Many congratulations! All the best for your move and the future. 

Sent from my SM-G900F using Tapatalk


----------



## sab82 (Nov 10, 2015)

*US PCC getting delayed*

Dear All,

I submitted my Visa application on 17-Oct-2015. I was initially contacted by a CO on Nov 6th asking for additional information - PCC for me and my wife (India and US), Medicals request and additional information on my job history.

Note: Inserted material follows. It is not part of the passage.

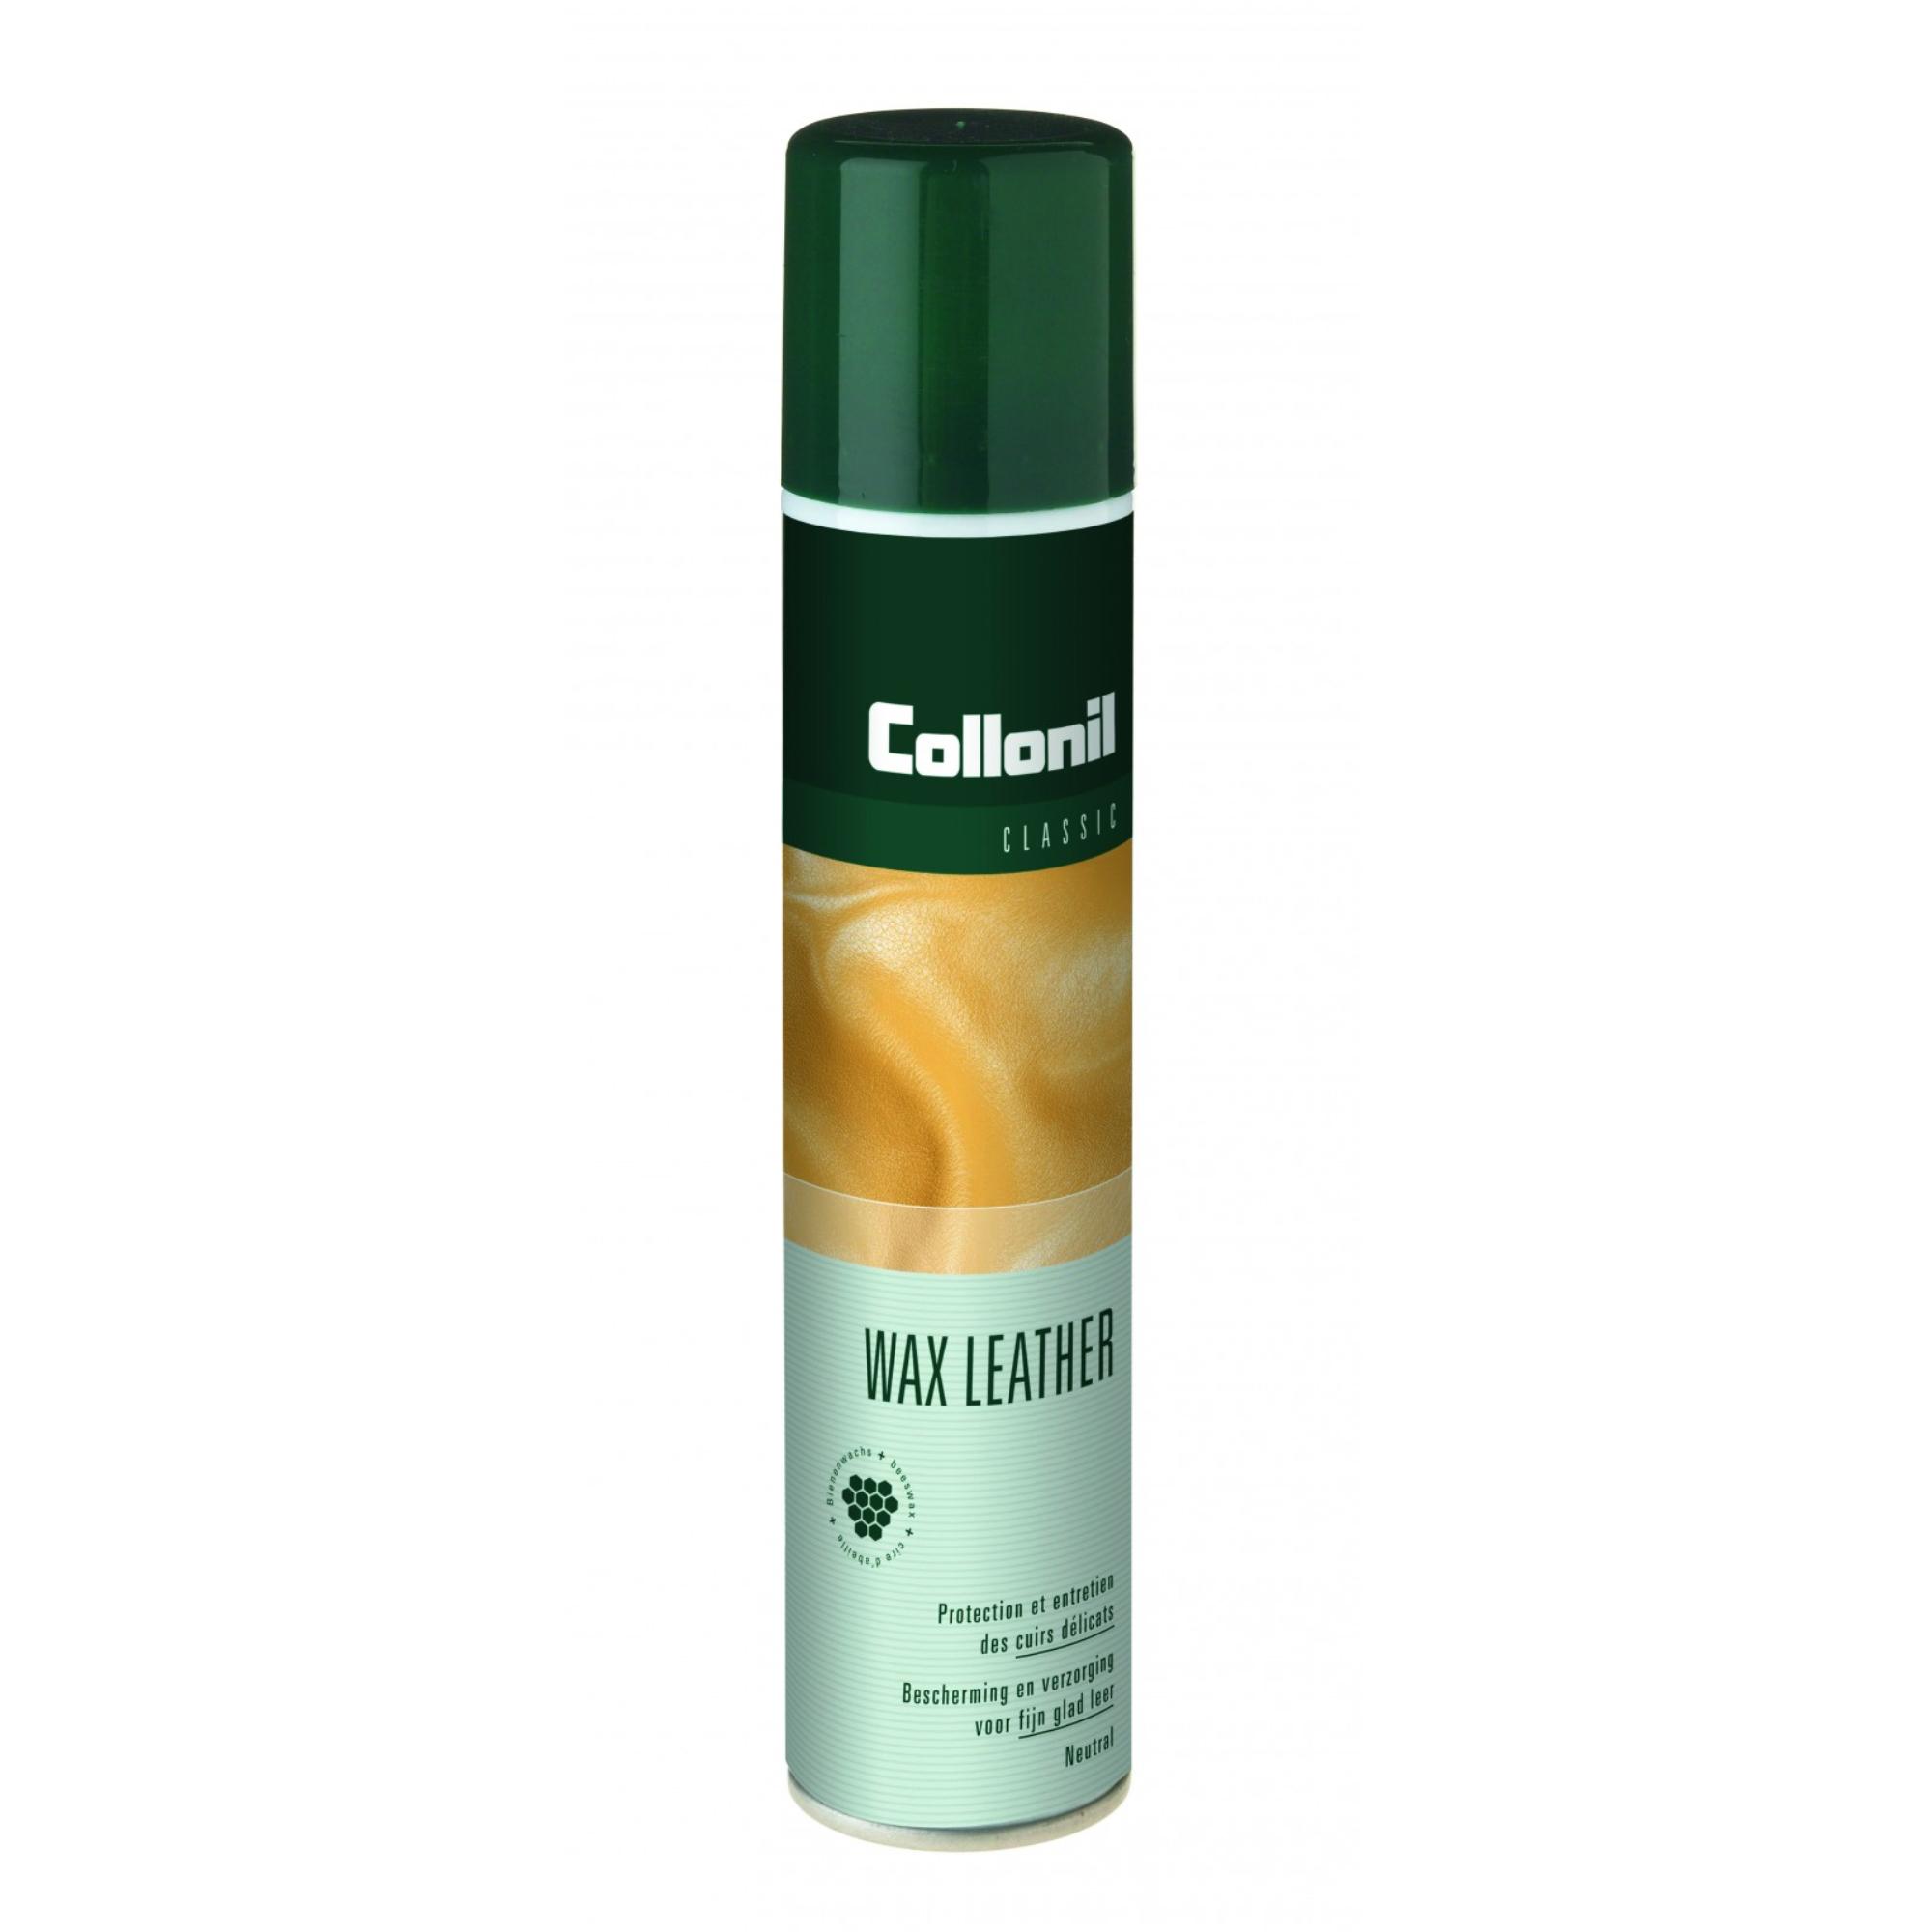 Collonil Wax Leather Spray 200ml

I submitted my finger prints to FBI but it is still being processed. However, I uploaded the India PCC and also my medicals receipt along with the job related documents. In addition, I also wanted my new born baby to be included in the application. This was done by 3rd week of November.

I got another notification from a different CO on 01-Dec asking me to fill Form 1022 (for baby), baby Passport and baby birth certificate and also our US PCC. I have uploaded my baby related documents but yet to get the PCC from US. When I called FBI, they said it will take another 2 weeks for processing and another 2-4 weeks for it to reach India.

For now, I have uploaded all the proofs related to the US PCC (Finger print, application form, courier receipts etc.)

Please let me know if I need to mark the request as "Complete" in the Immiaccount or wait for CO to communicate with me. I was given 28 days to respond and I have provided all the information except for the US PCC.


----------



## Jeeten#80 (Mar 26, 2015)

You have done everything that you could possible do.

Just reply the CO email and inform them about the delay in getting US PCC. Also don't forget to attach copies of the receipts related to US PCC.


Also note that now the *Request Compete* button has been changed to *Information Provided*.

ONLY press the *Information Provided* when you have your UC PCC. That time upload it via your IMMI account AND also email it to the CO.




sab82 said:


> Dear All,
> 
> I submitted my Visa application on 17-Oct-2015. I was initially contacted by a CO on Nov 6th asking for additional information - PCC for me and my wife (India and US), Medicals request and additional information on my job history.
> 
> ...


----------



## sab82 (Nov 10, 2015)

Thanks for your reply. I will do as mentioned by you.


----------



## Jeeten#80 (Mar 26, 2015)

*Update | PCC from Pune*


After 3 visits to Pune Police Commissioner office (_5 mins from my place_), finally today we received an sms that my Spouse's PCC is ready for collection at PSK. Will be getting it collected on Monday morning.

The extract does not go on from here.